→ **Directions for this task**: Transcribe exactly the lines below that begin at the line with "Slow Cooker Cajun" and stop after the line with "Page 50 September,1965", leaving out every picture.

→ **Data provided**:
# # # # # # #
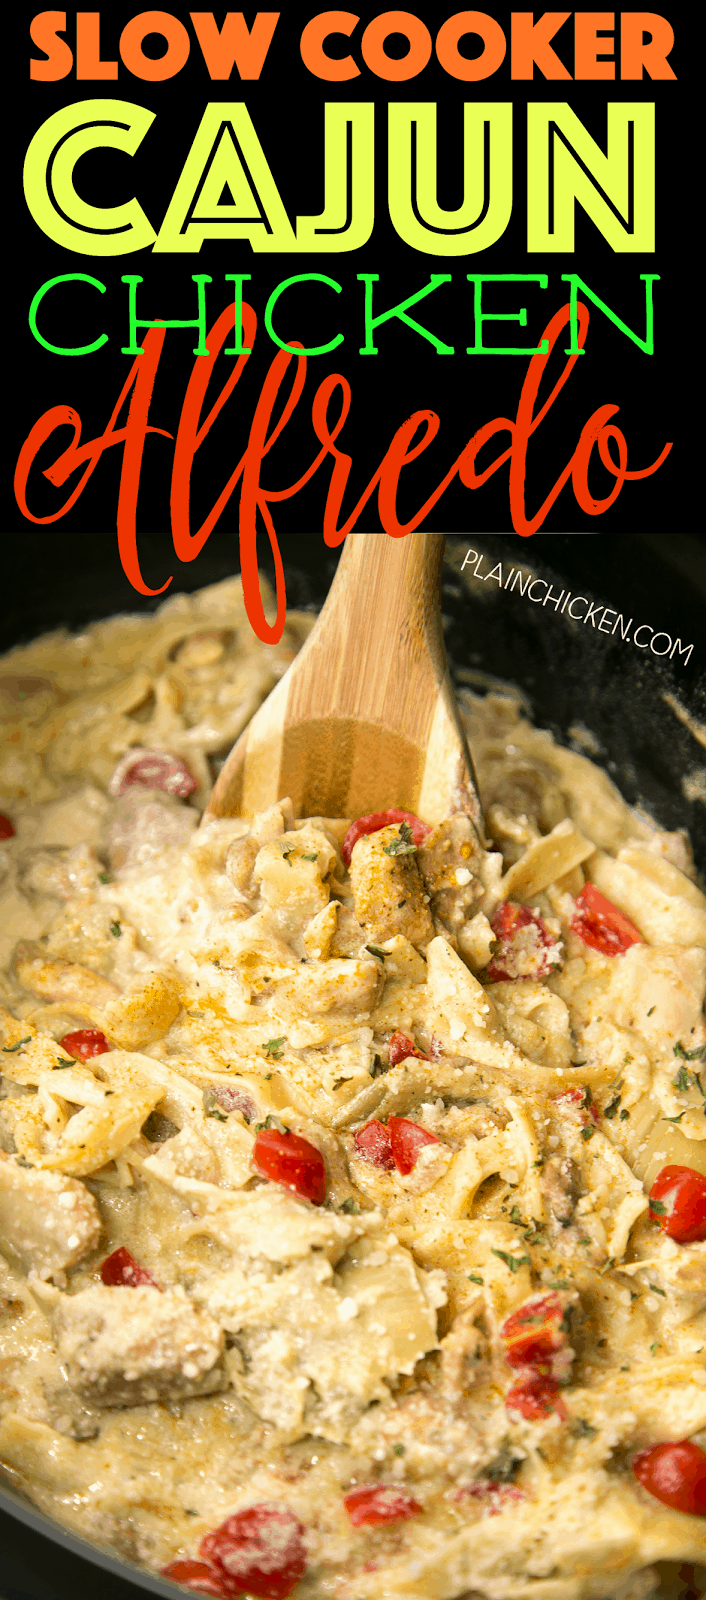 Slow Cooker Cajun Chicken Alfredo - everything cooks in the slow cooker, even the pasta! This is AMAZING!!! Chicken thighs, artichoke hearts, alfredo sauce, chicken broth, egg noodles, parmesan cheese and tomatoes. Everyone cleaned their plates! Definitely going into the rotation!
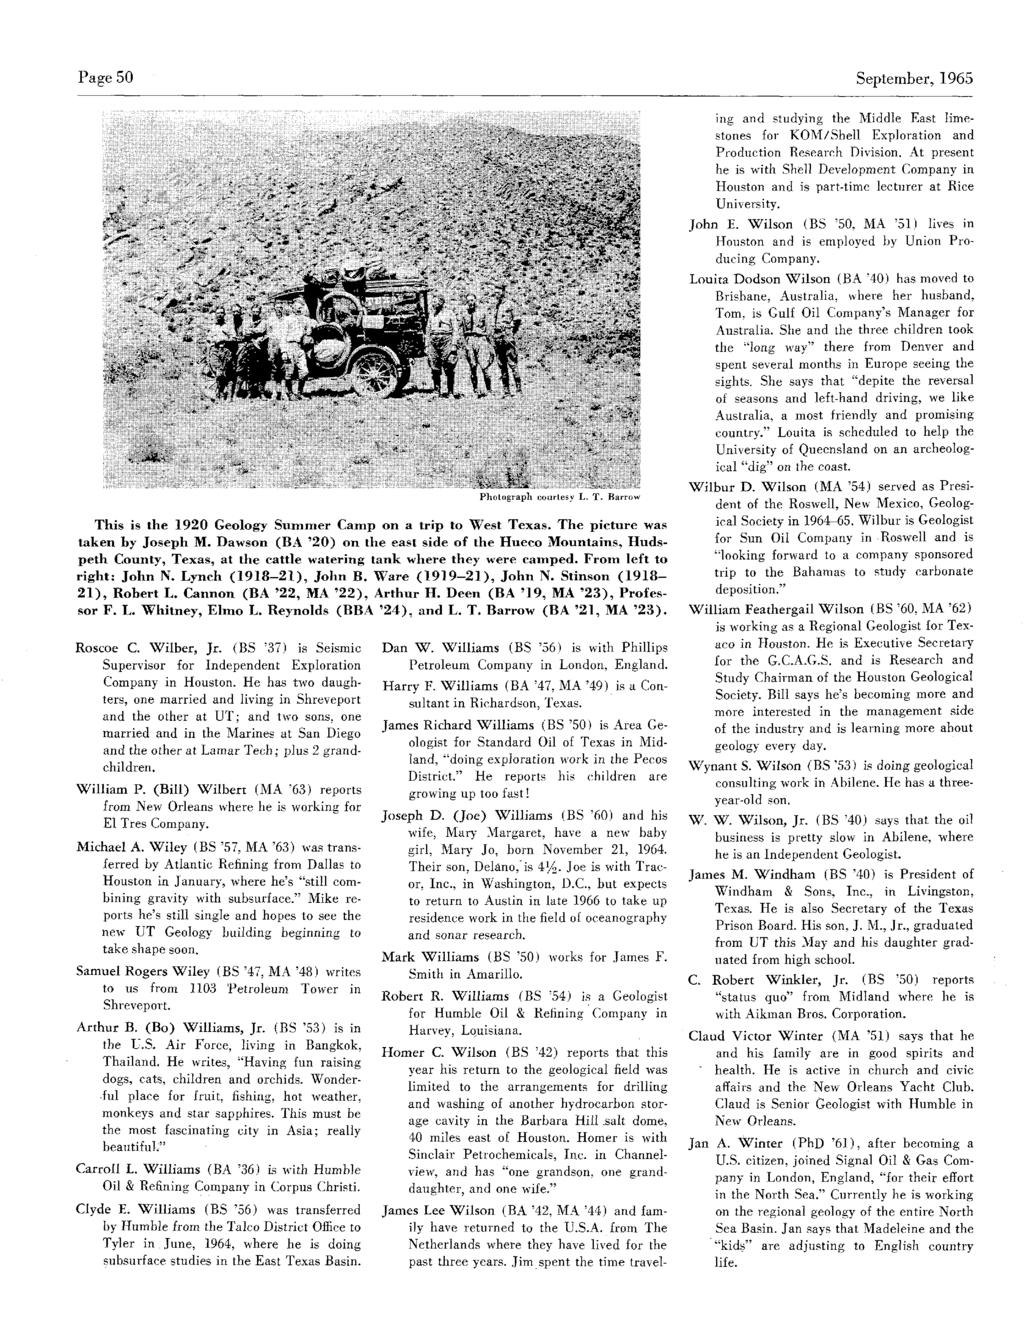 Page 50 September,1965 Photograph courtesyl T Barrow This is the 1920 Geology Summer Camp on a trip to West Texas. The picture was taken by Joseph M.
# # # # # # #
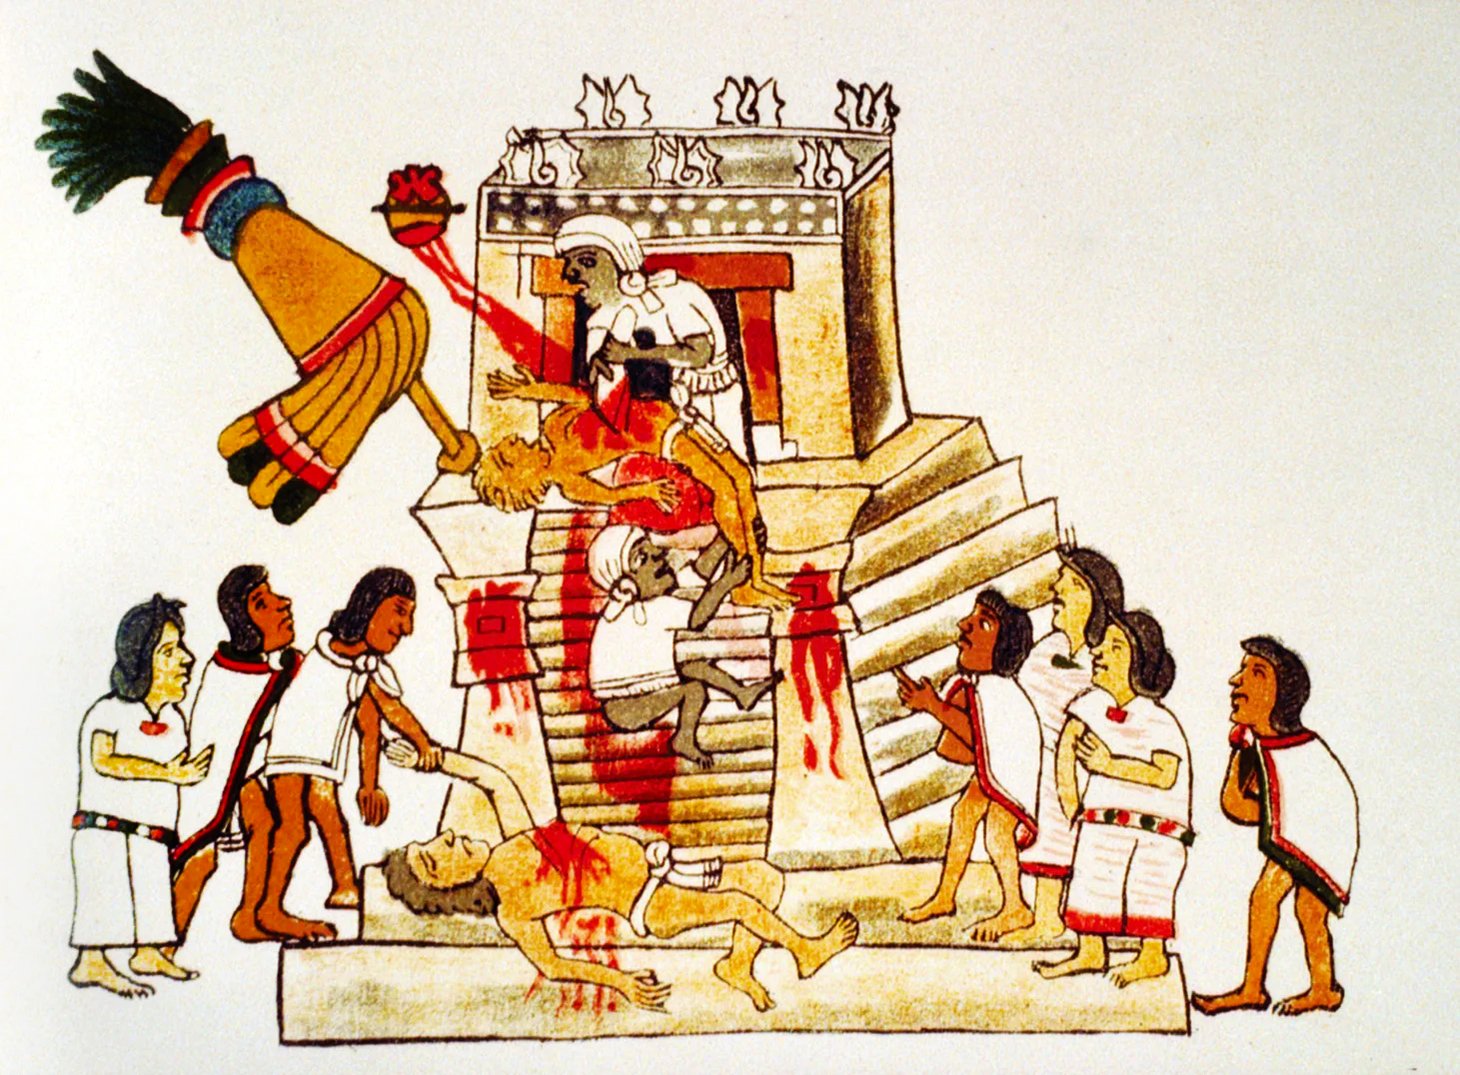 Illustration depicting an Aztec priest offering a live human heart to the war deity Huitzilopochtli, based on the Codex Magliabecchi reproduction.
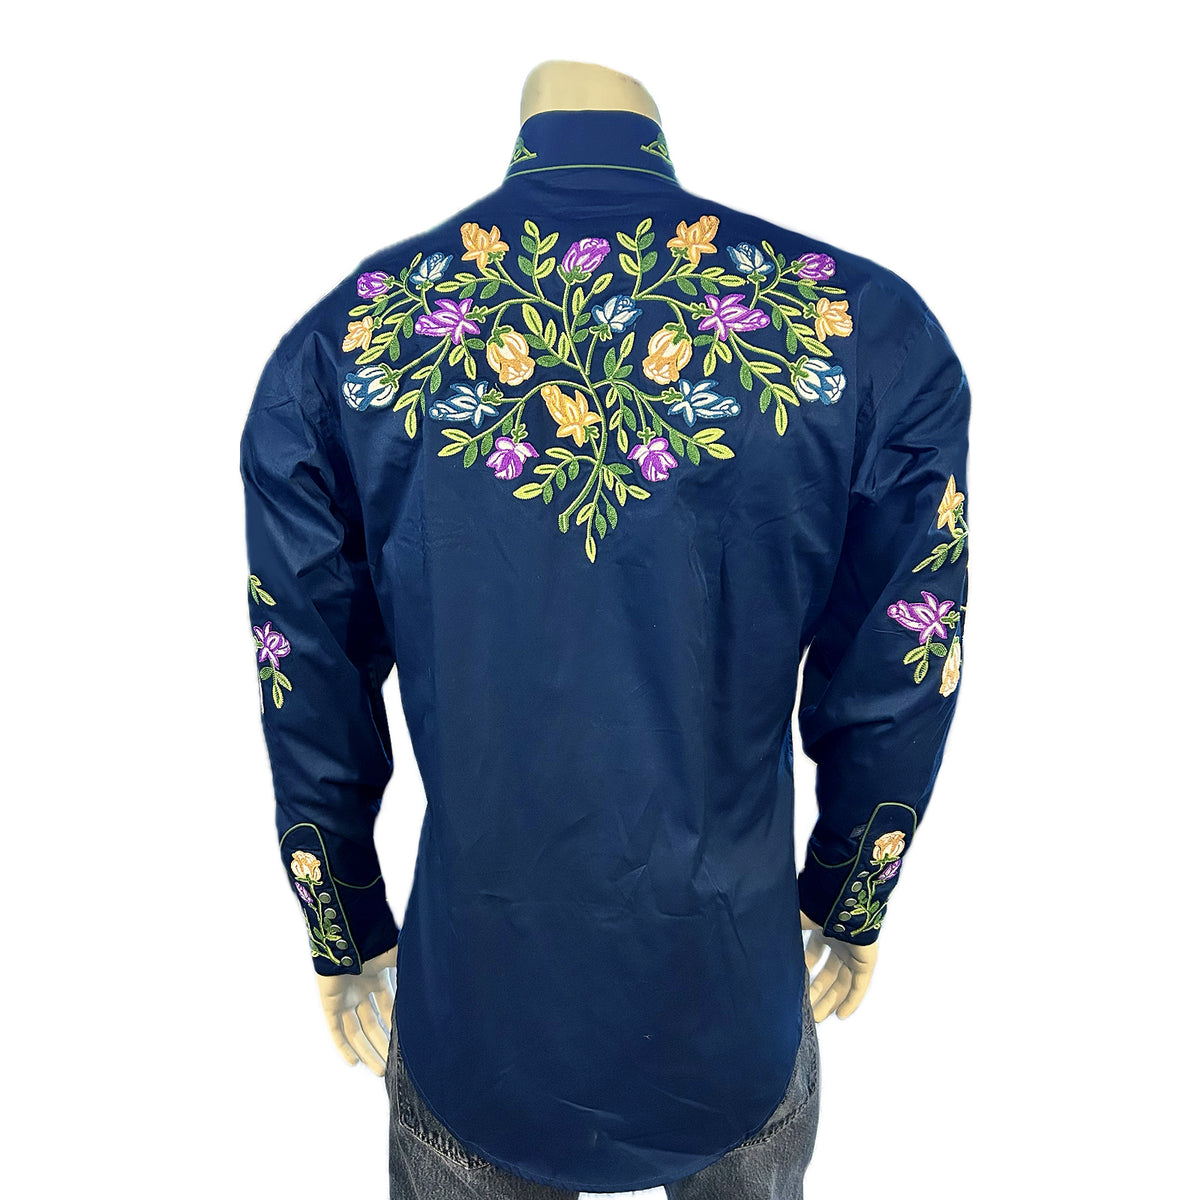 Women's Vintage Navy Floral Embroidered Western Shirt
# # # # # # #
→ **Solution to this exercise**:
 Slow Cooker Cajun Chicken Alfredo - everything cooks in the slow cooker, even the pasta! This is AMAZING!!! Chicken thighs, artichoke hearts, alfredo sauce, chicken broth, egg noodles, parmesan cheese and tomatoes. Everyone cleaned their plates! Definitely going into the rotation!
 Page 50 September,1965 Photograph courtesyl T Barrow This is the 1920 Geology Summer Camp on a trip to West Texas. The picture was taken by Joseph M.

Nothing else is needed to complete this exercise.